* **Given entries**
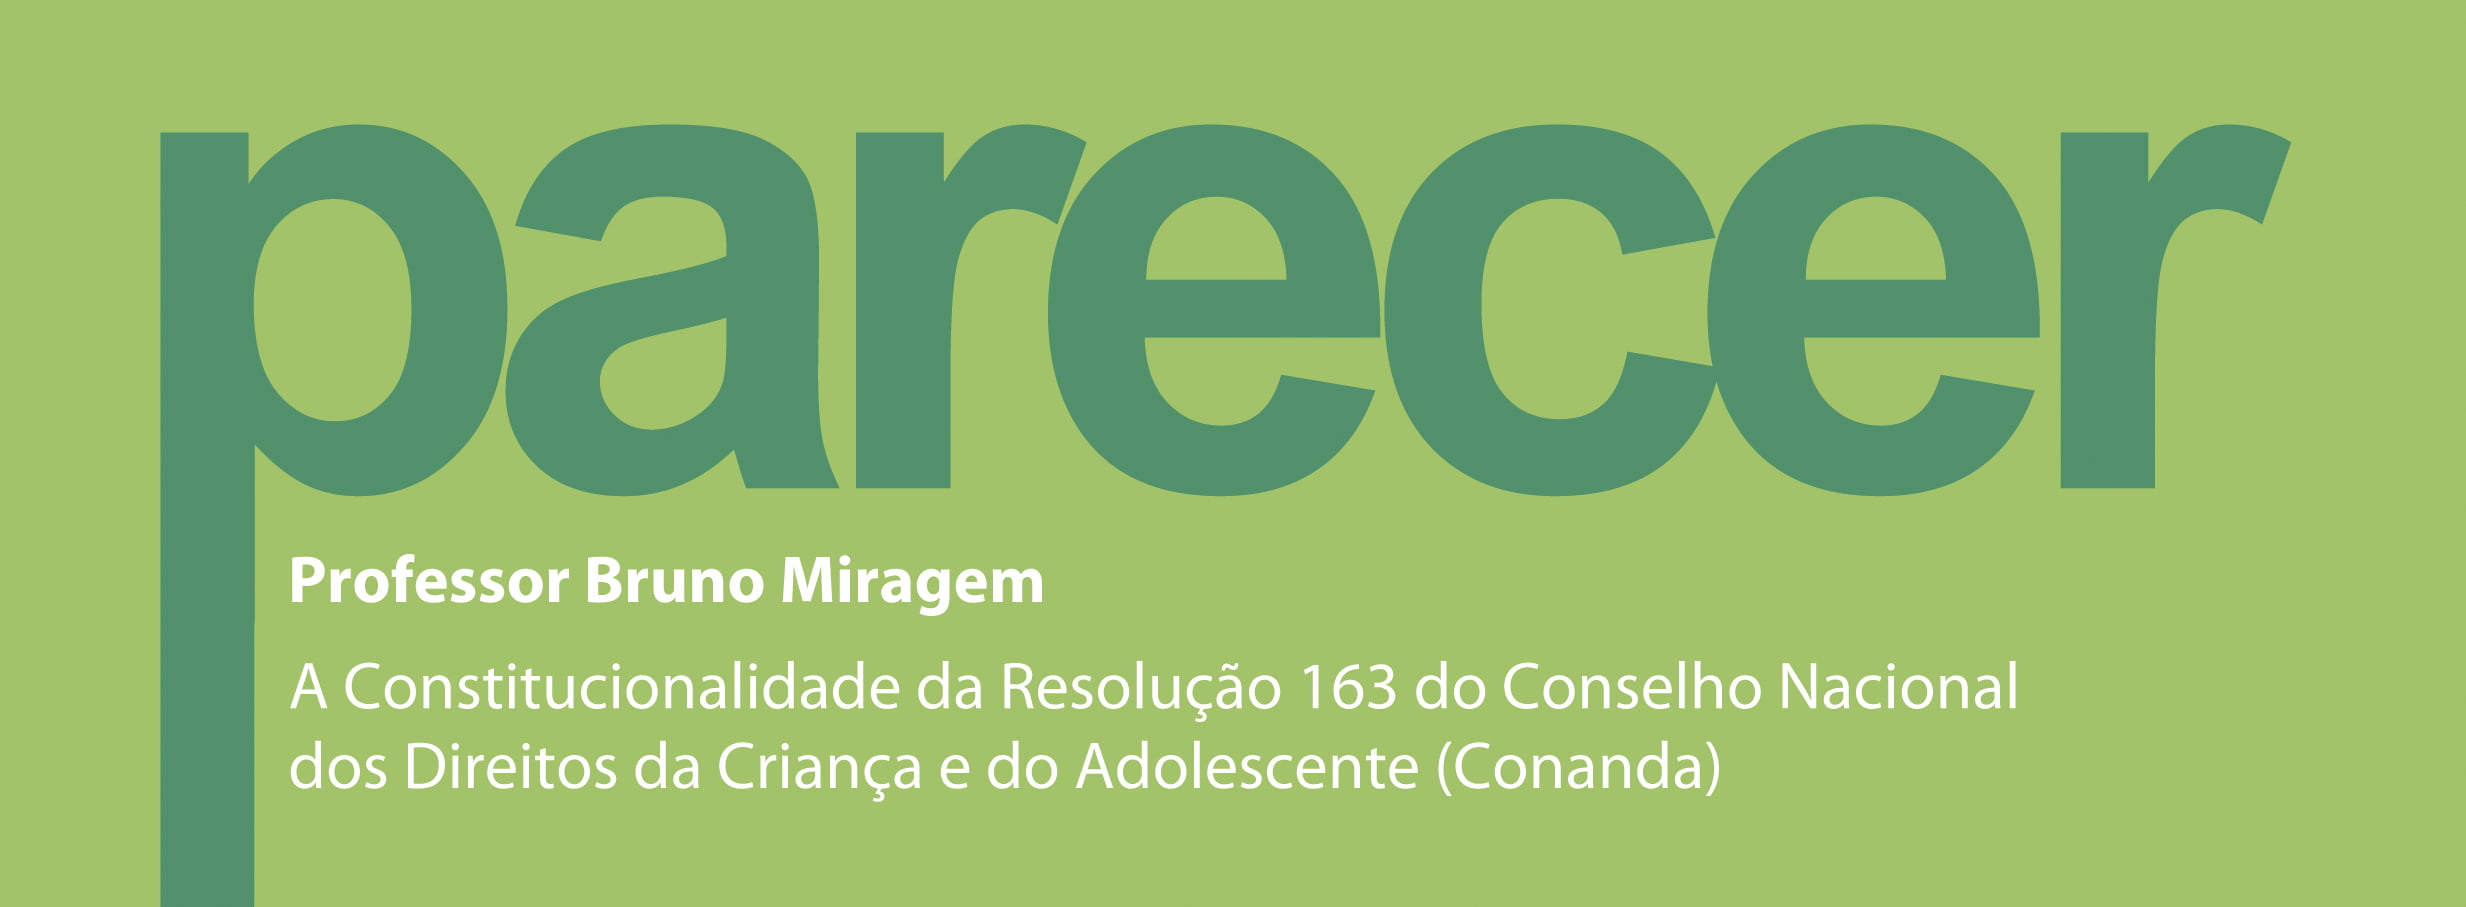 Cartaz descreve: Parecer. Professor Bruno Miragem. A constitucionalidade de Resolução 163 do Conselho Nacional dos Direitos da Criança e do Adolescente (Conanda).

==

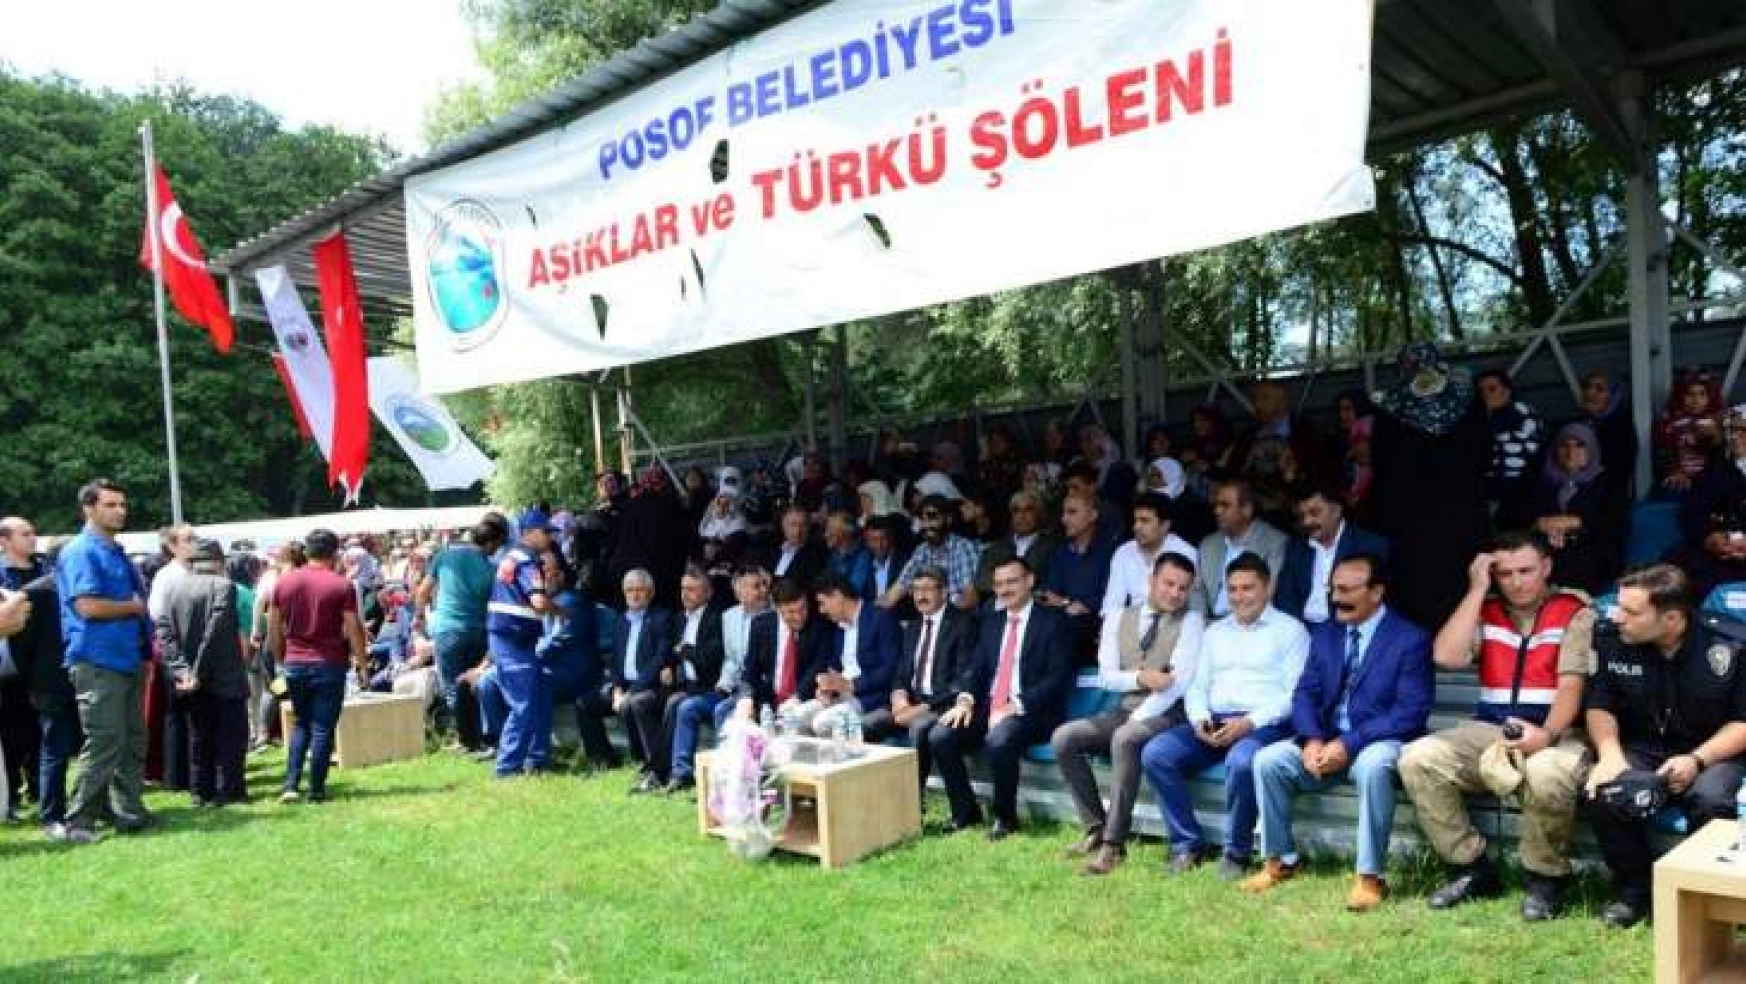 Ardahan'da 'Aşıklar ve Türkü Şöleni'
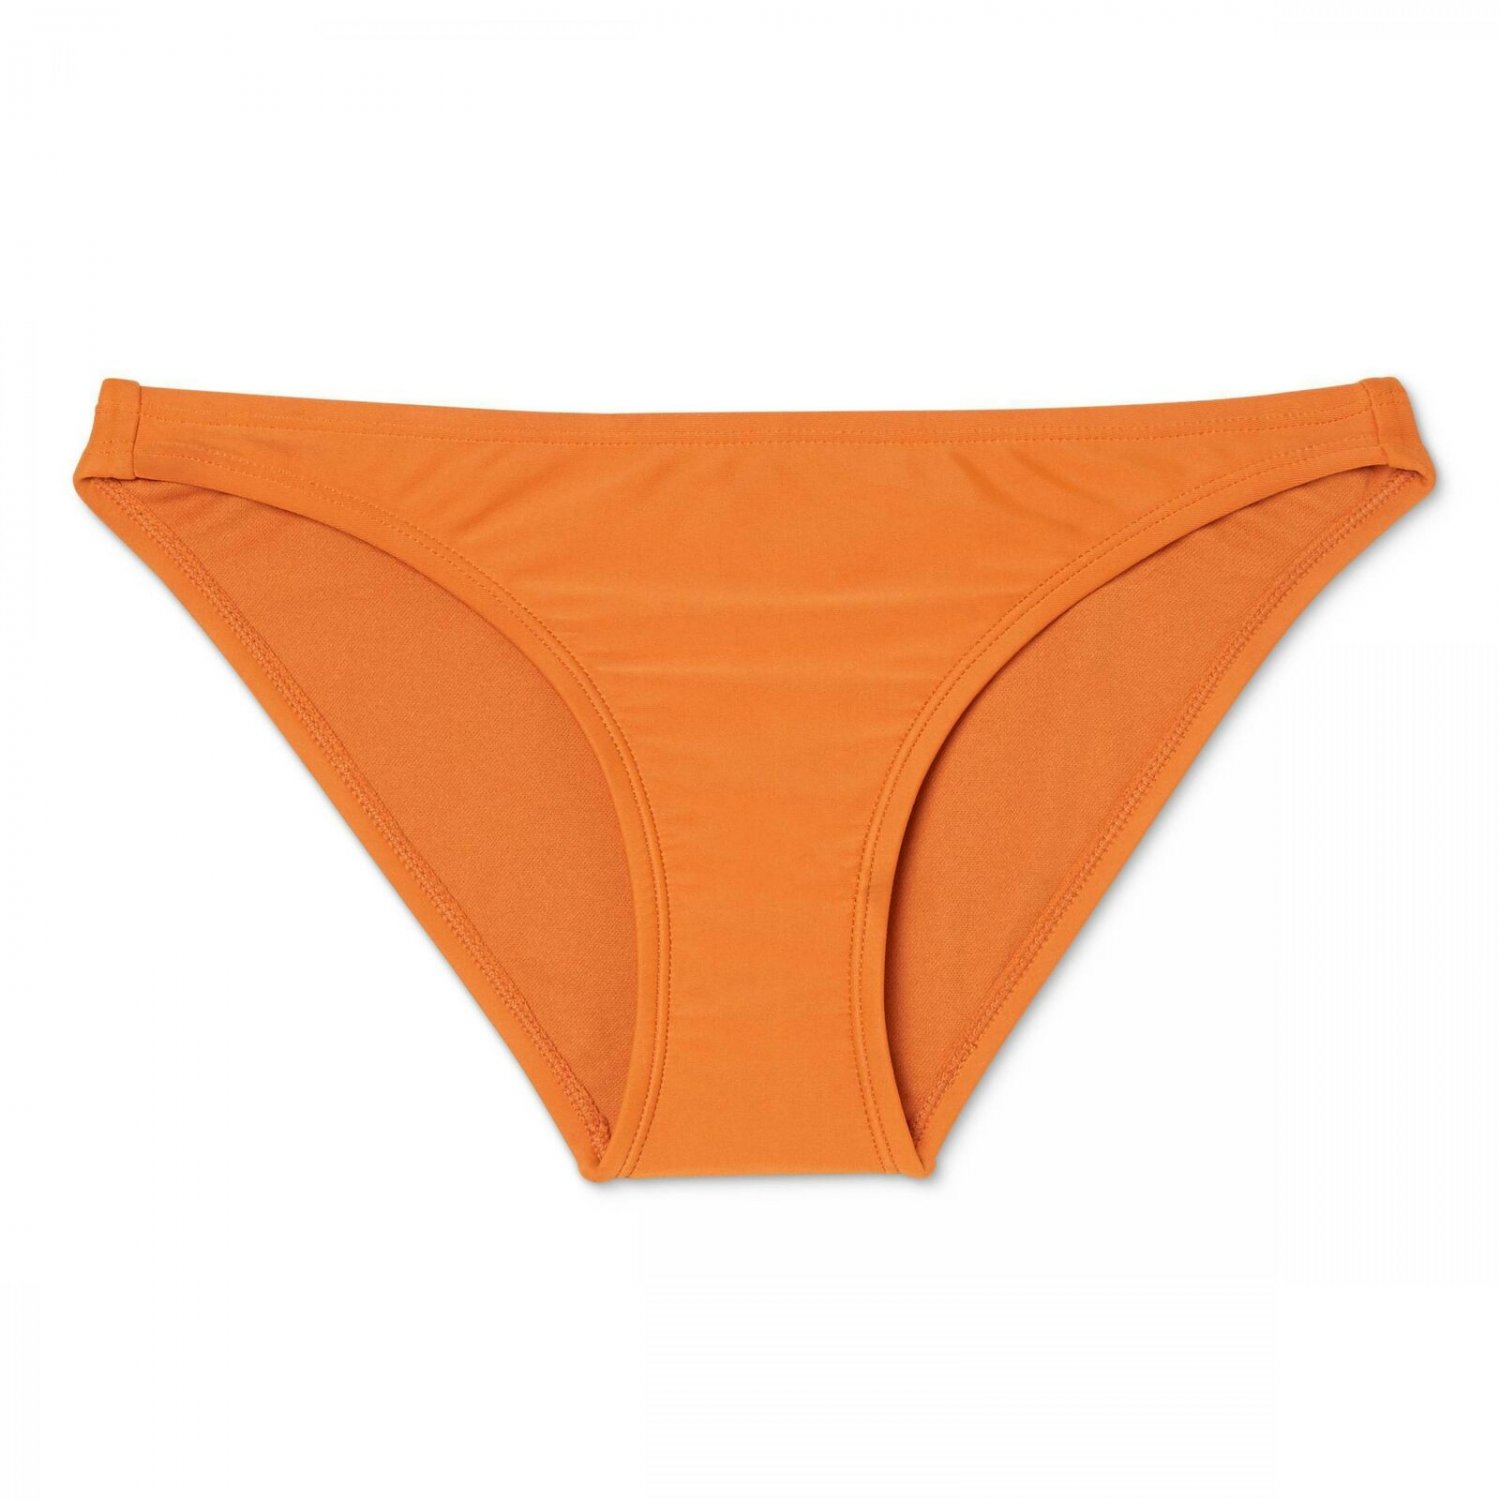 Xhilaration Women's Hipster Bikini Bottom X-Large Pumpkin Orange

* **Problem description**
Look above for the line holding "Ardahan'da 'Aşıklar ve Türkü Şöleni'" and output everything from it down to the line holding "Xhilaration Women's Hipster", both ends included, exactly and without images.

* **Solution to this exercise**
 Ardahan'da 'Aşıklar ve Türkü Şöleni'
 Xhilaration Women's Hipster Bikini Bottom X-Large Pumpkin Orange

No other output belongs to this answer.